How does the software and hardware

The most difficult part of the project is the components responsible for audio input / output. In general, there are several approaches to recording and recognizing sound:

device recognition
Pros: no internet connection required
Cons: it requires a large computing power, a very limited vocabulary, a large percentage of errors.
recognition in the cloud, for example google or yandex
Pros: good quality, practically unlimited vocabulary
Cons: Internet connection required, increased latency
In the case of an IoT device that has a processor with 64kb of RAM and 160 MHz - it is impossible to make confident recognition of voice commands on board. You can train him to recognize a few words and then, having previously trained to your voice.
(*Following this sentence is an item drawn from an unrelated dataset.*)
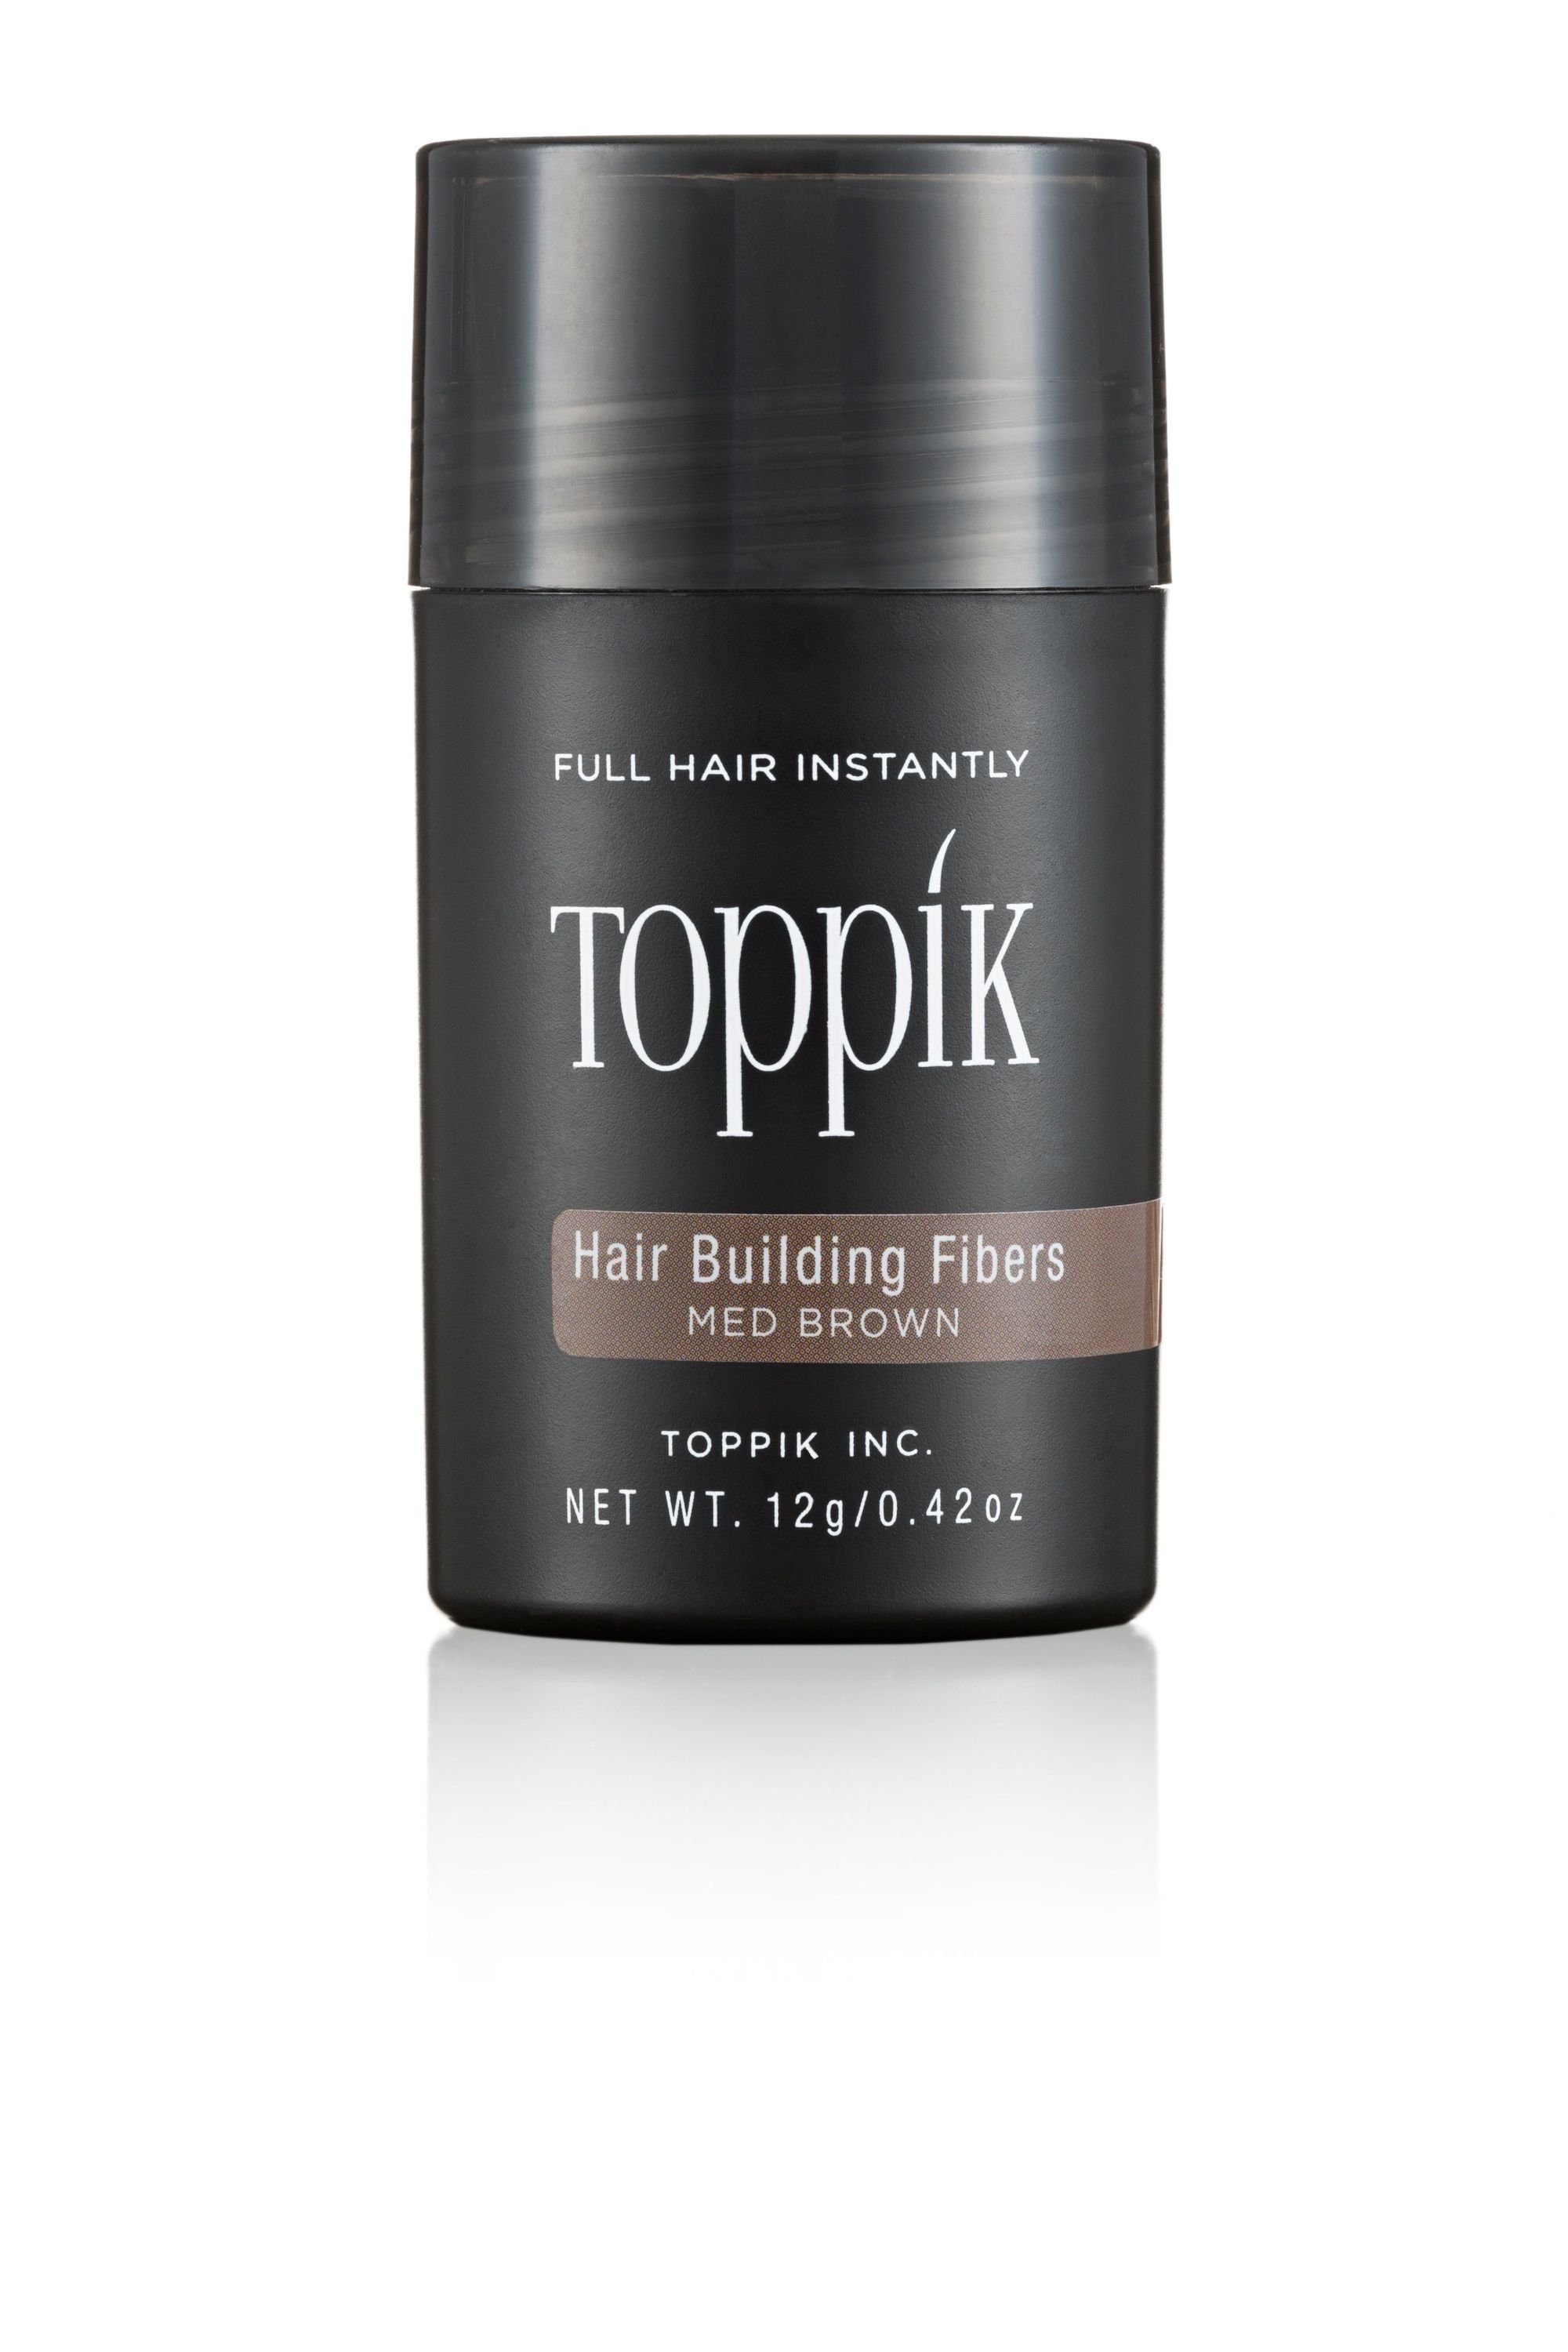 TOPPIK Haarstyling-Set Angebot: TOPPIK 12 Dunkelbraun Puder, Haarfasern, Fibers g., Hair

Therefore, for speech recognition used the service google speech recognition. It would seem, not a difficult task, to record sound from a microphone and send it to google speech recognition. However, when it comes to the device based on esp8266, the task is not trivial.

The esp8266 does not have a good ADC, and the one that is on board does not technically allow to record anything other than noise. Therefore, to capture the sound, as sufficient for speech recognition, at least an external ADC or, better still, an external processor to which the microphone is connected is needed. Having tried several options - stopped at stm32 + digital PDM microphone.
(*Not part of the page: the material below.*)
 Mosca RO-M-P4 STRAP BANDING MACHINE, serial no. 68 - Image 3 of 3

The next task is to control / transfer data from stm32 to esp8266. UART and i2c were immediately dropped as slow interfaces and the decision was made to use SPI. SPI is a synchronous interface with a mandatory distribution of roles: master and slave. In the combination of stm32 and esp8266, the main logic of the program is executed on esp8266, and stm32 is a coprocessor that works with peripherals. Therefore, it is logical to assign esp8266 the role of master, and stm32 - the role of the slave.

This bunch gave a good result: clear sound from a microphone without interference and without extraneous noise. Alas, the sound idyll did not last long, smoothly, until the received sound was sent via WiFi via http connection to google.

An unpleasant story happened: while there is no active transmission over WiFi, the sound is written in perfect quality. As soon as the active packet transmission over WiFi begins, the sound is immediately distorted by a crash. The oscilloscope examination showed that with active WiFi transmission over the power bus, the noise is not weak, and filtering them at the circuit design level is difficult.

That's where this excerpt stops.